What to do:
The reply is to contain the full listing, repeated exactly, with pictures left out.

Data segment:

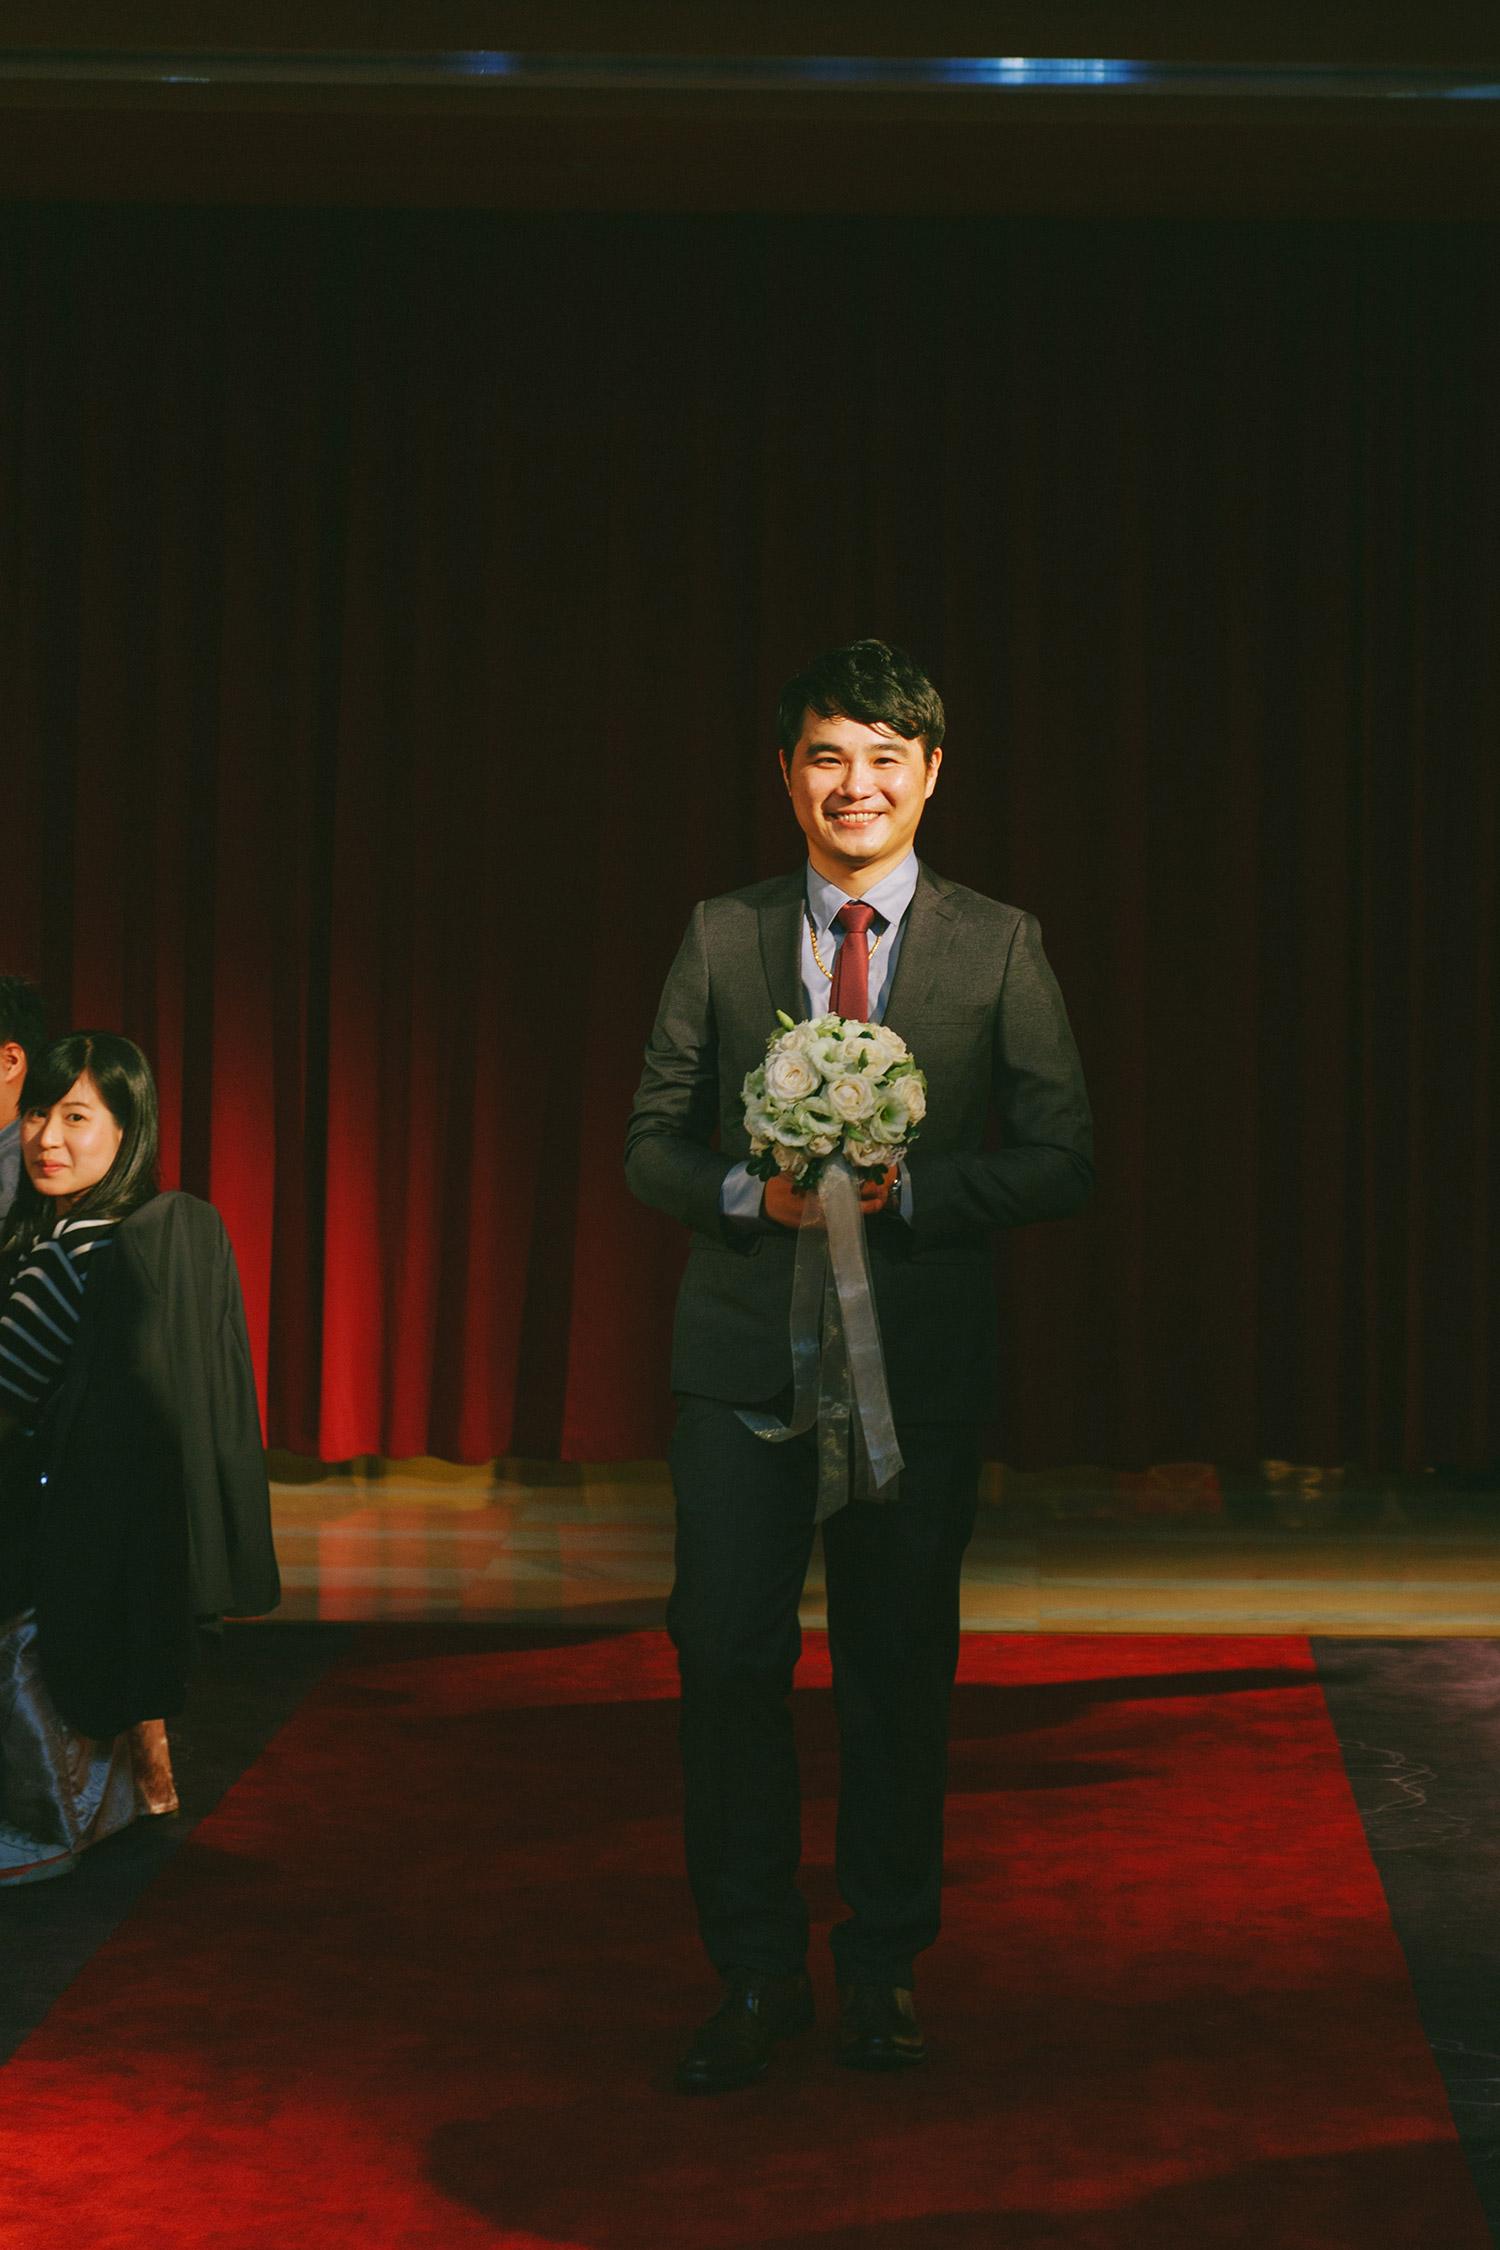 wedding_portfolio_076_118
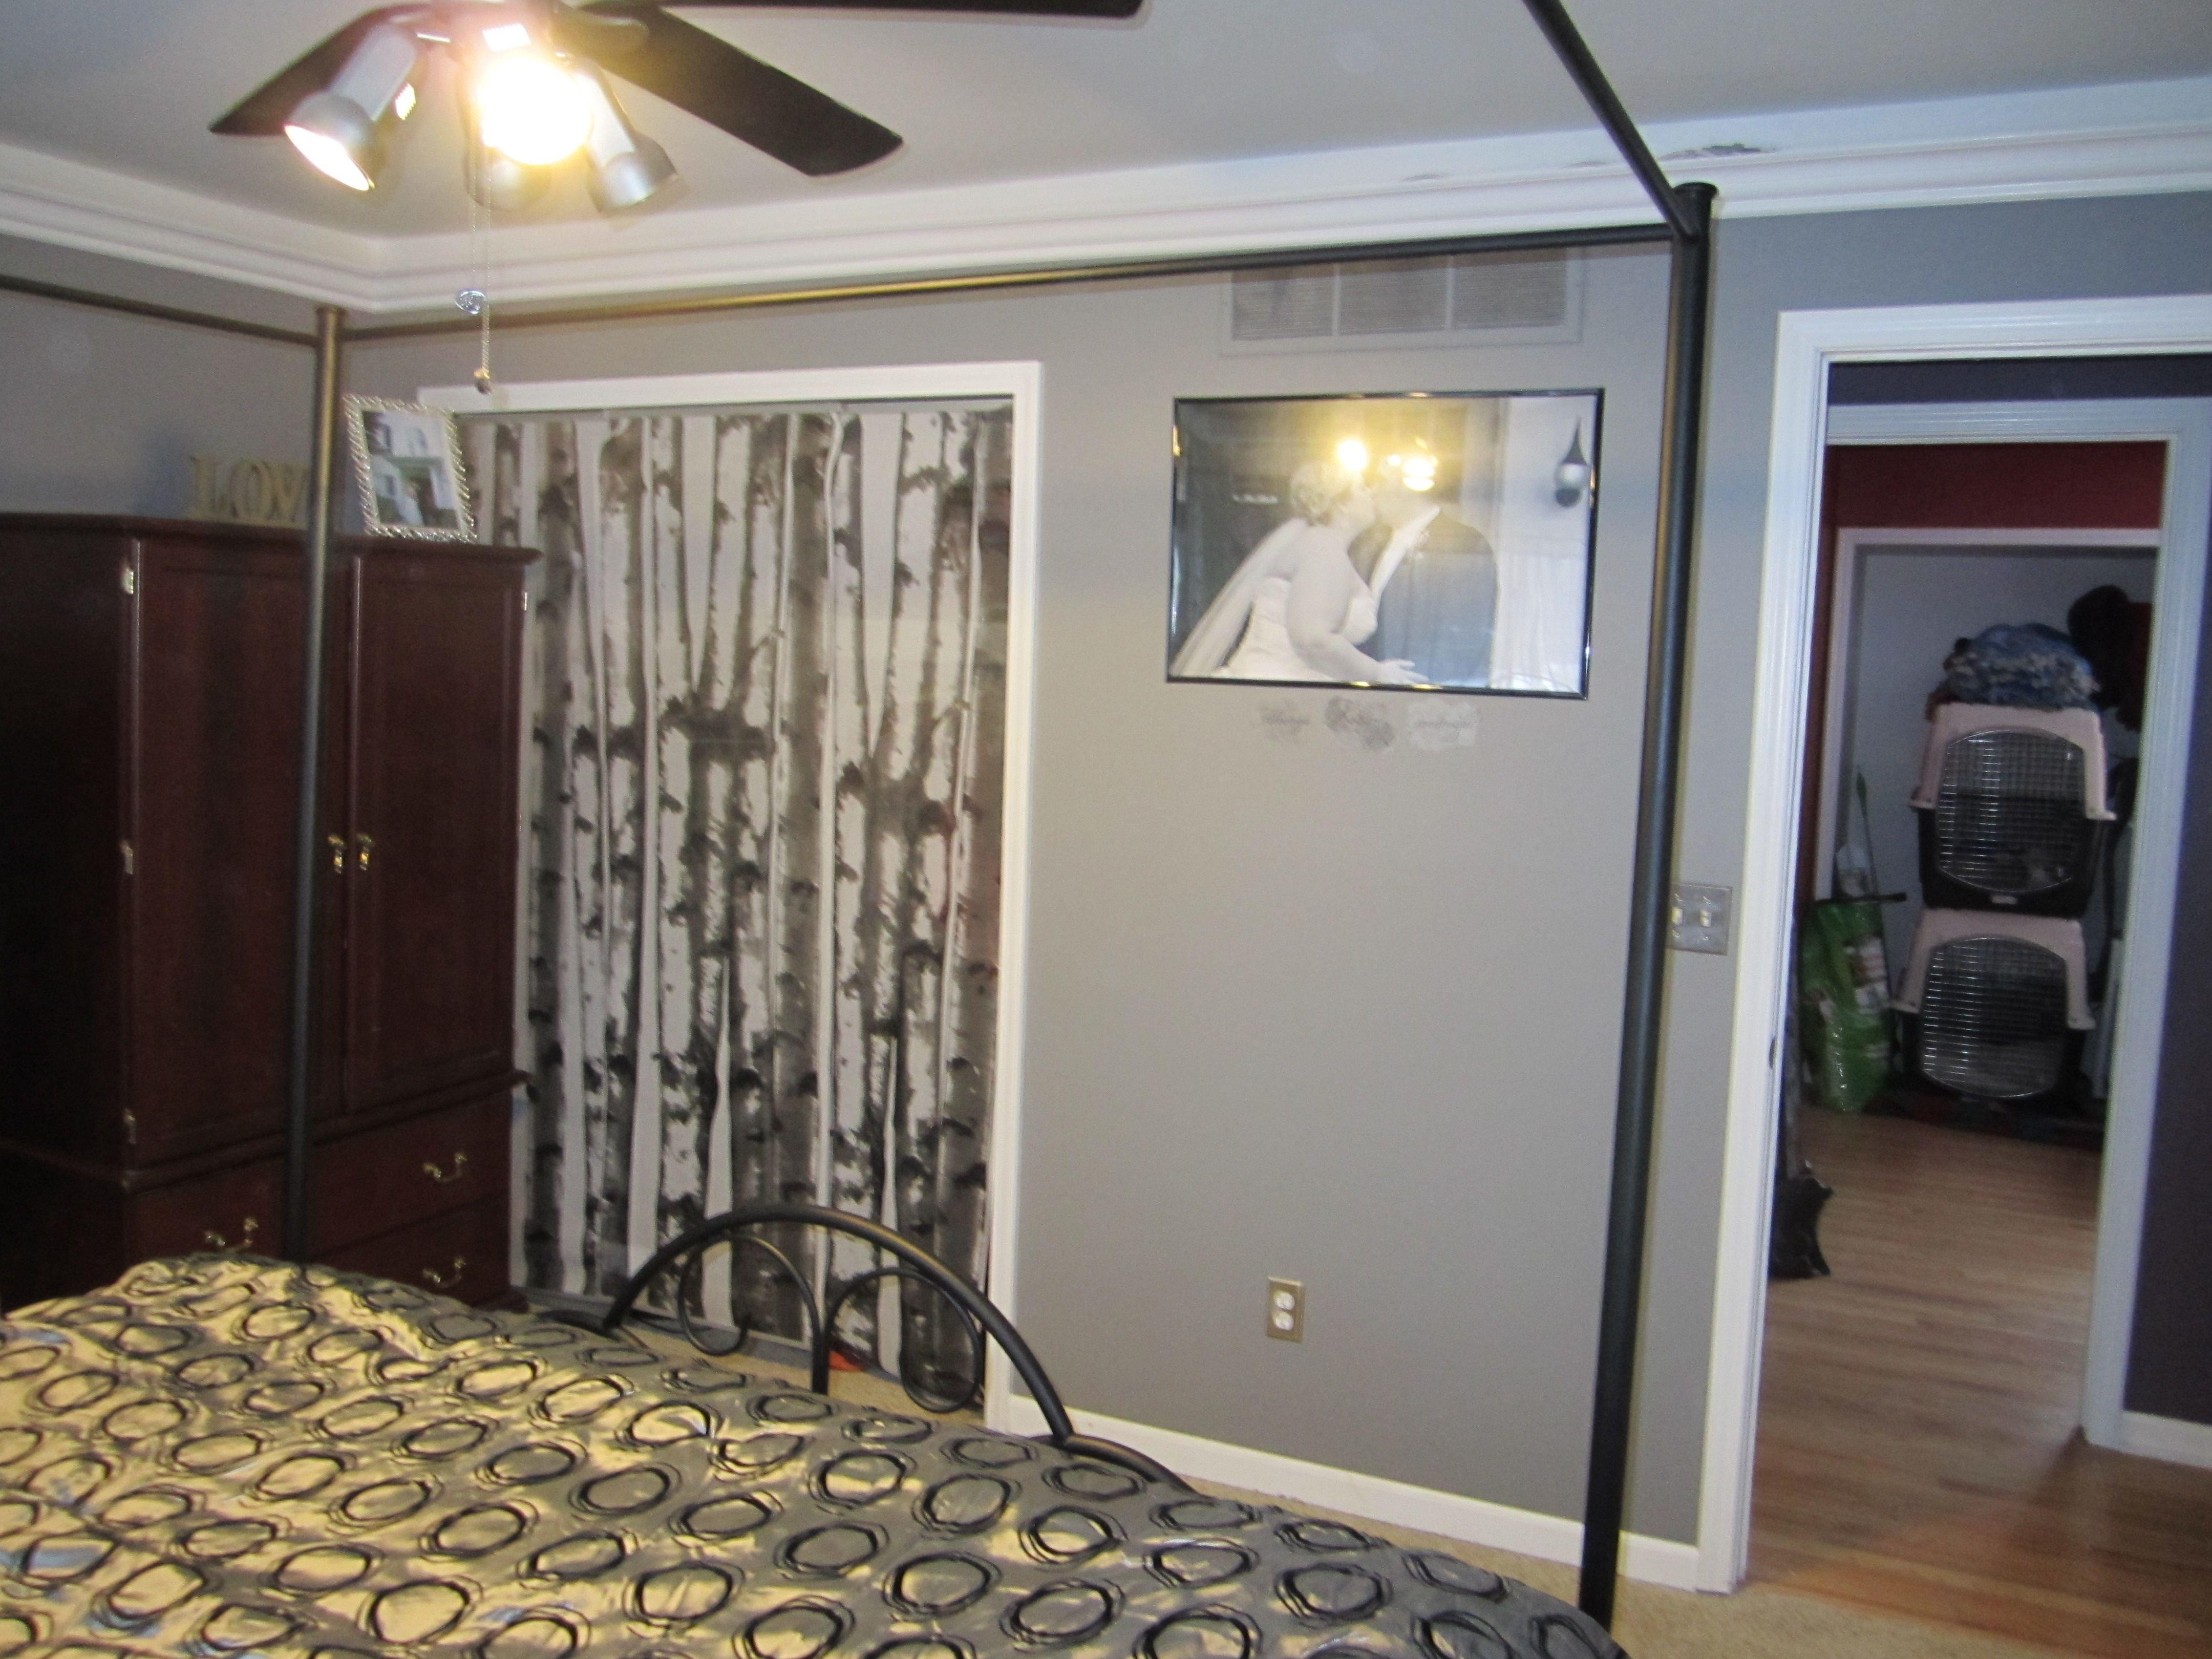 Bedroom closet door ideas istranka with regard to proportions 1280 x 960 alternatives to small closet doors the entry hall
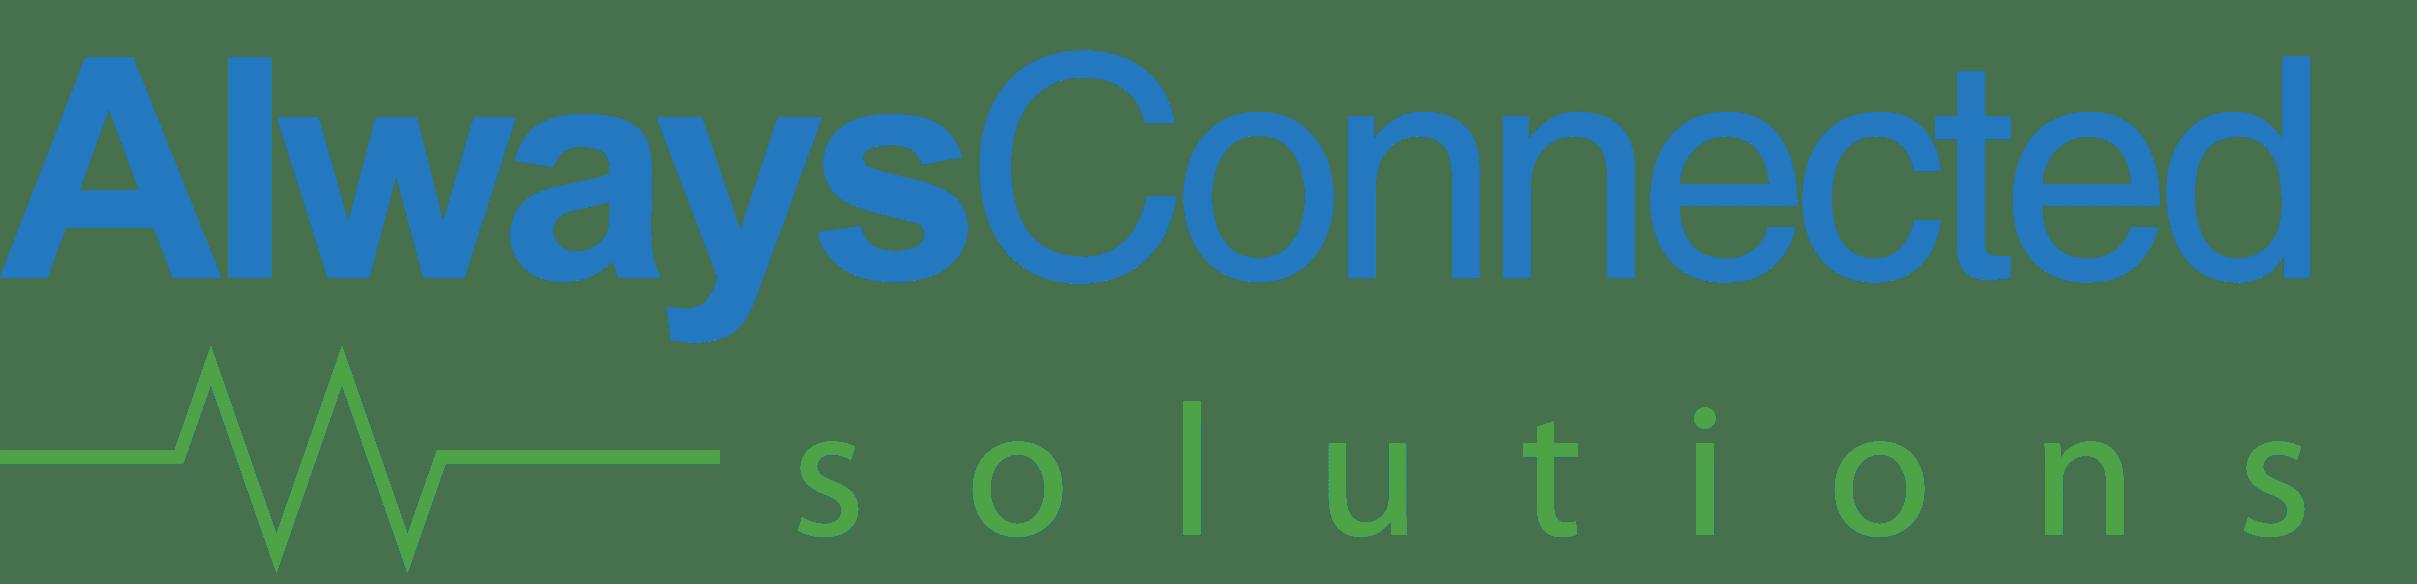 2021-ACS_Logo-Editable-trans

Exercise answer:
 wedding_portfolio_076_118
 Bedroom closet door ideas istranka with regard to proportions 1280 x 960 alternatives to small closet doors the entry hall
 2021-ACS_Logo-Editable-trans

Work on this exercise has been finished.